Geoff Barton, General Secretary of the Association of School and
College Leaders (ASCL), and Paul Whiteman, General Secretary of
the National Association of Head Teachers (NAHT), met with
representatives of the social media platform TikTok today. This
meeting followed a recent spate of posts on TikTok containing
imagery and comments that are extremely offensive to school staff
and have caused huge distress.
In a joint statement, Mr Barton and Mr Whiteman said:
“We met with TikTok today and were pleased to have a constructive
discussion focused on finding both immediate and long-term
solutions to addressing the horrendous abuse of teachers that has
featured in posts on the platform over the past two weeks.
“We have been assured that TikTok has a large team working on
this issue, that it has taken down hundreds of pieces of content,
and that it has banned accounts and hashtags associated with this
trend. TikTok has also offered to provide communications to our
members to help in terms of reporting abusive content and we will
be circulating this guidance via our newsletters in due course.
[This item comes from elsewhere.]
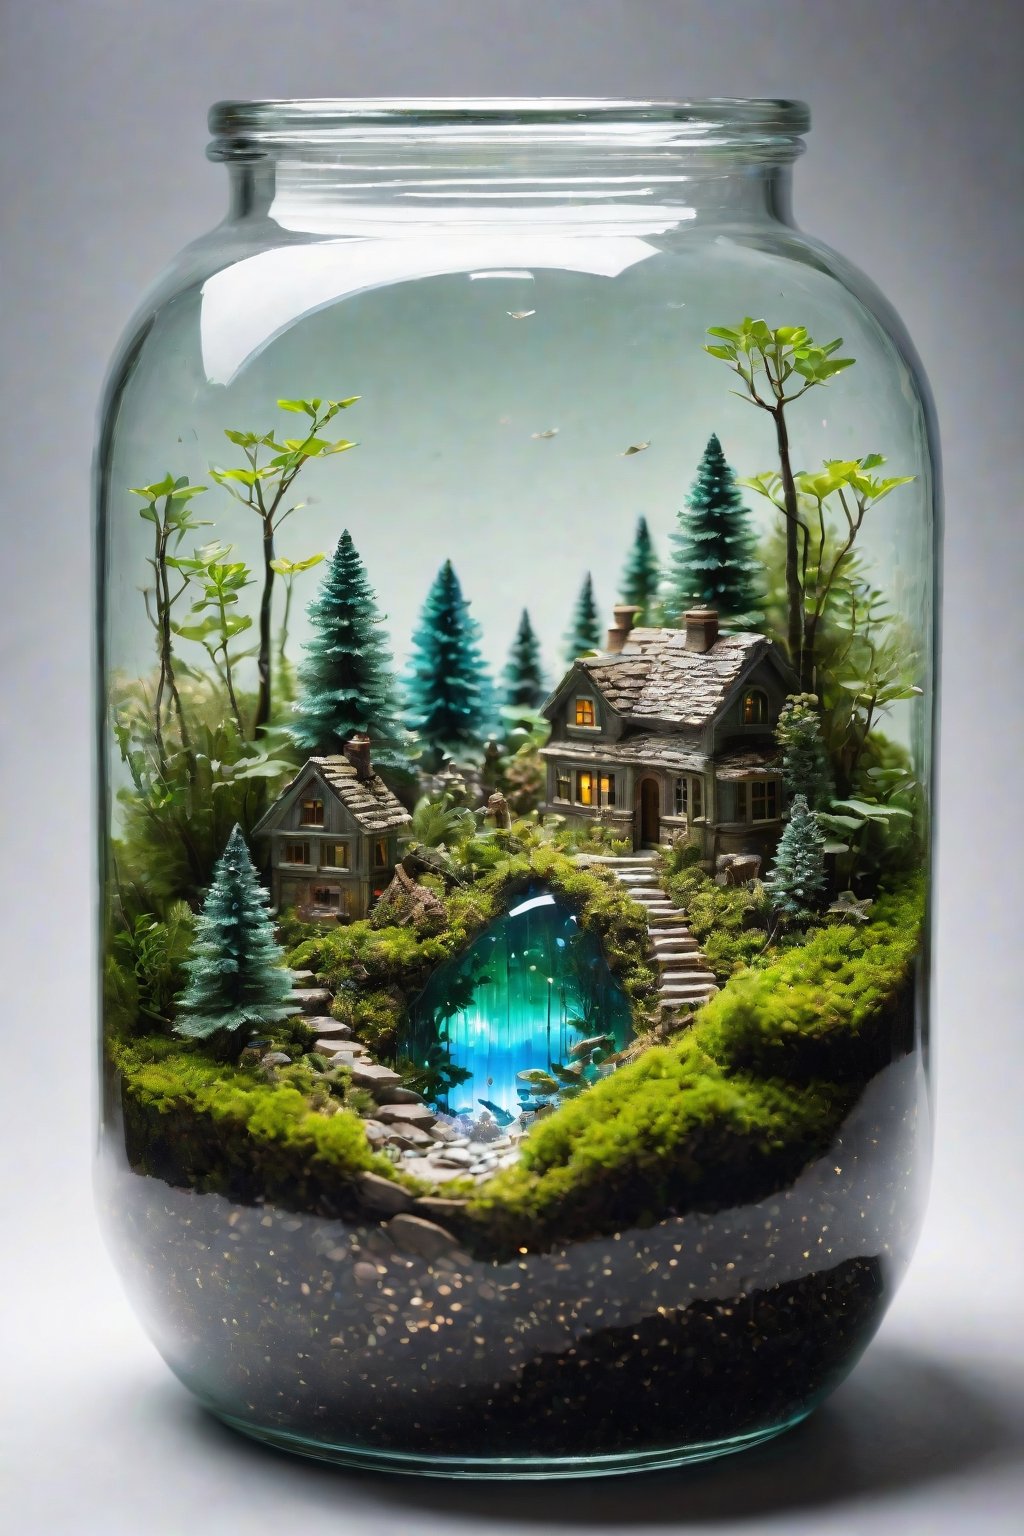 A front view of a closed terrarium ecosystem in a jar with a miniature forest and village inside, Broken Glass effect, no background, stunning, something that even doesn't exist, mythical being, energy, molecular, textures, iridescent and luminescent scales, breathtaking beauty, pure perfection, divine presence, unforgettable, impressive, breathtaking beauty, Volumetric light, auras, rays, vivid colors reflects.

“The problem with all of this is that there appears to be a
mismatch between the action being taken by TikTok and what we are
hearing from members. School leaders continue to tell us of posts
on TikTok which target staff with highly offensive and defamatory
material, and a number say TikTok has either not responded to
requests to remove this content, or has decided there is no
violation of community guidelines, which we find impossible to
understand.
“We can only hope that the situation improves and that the action
being taken by TikTok proves effective in tackling this appalling
trend. We will be monitoring the feedback we receive from school
leaders.
“In the longer term, we have spoken to TikTok about the need for
a better system to address this sort of problem if anything
similar happens again in the future, and we have suggested that
this might be done by the creation of an education portal which
is staffed by a dedicated education team that schools can
contact.
“We understand this is not something that can be set up
overnight, but the experience of the past two weeks illustrates
the need to make the platform far more effective in rapidly
dealing with any issues of this nature.”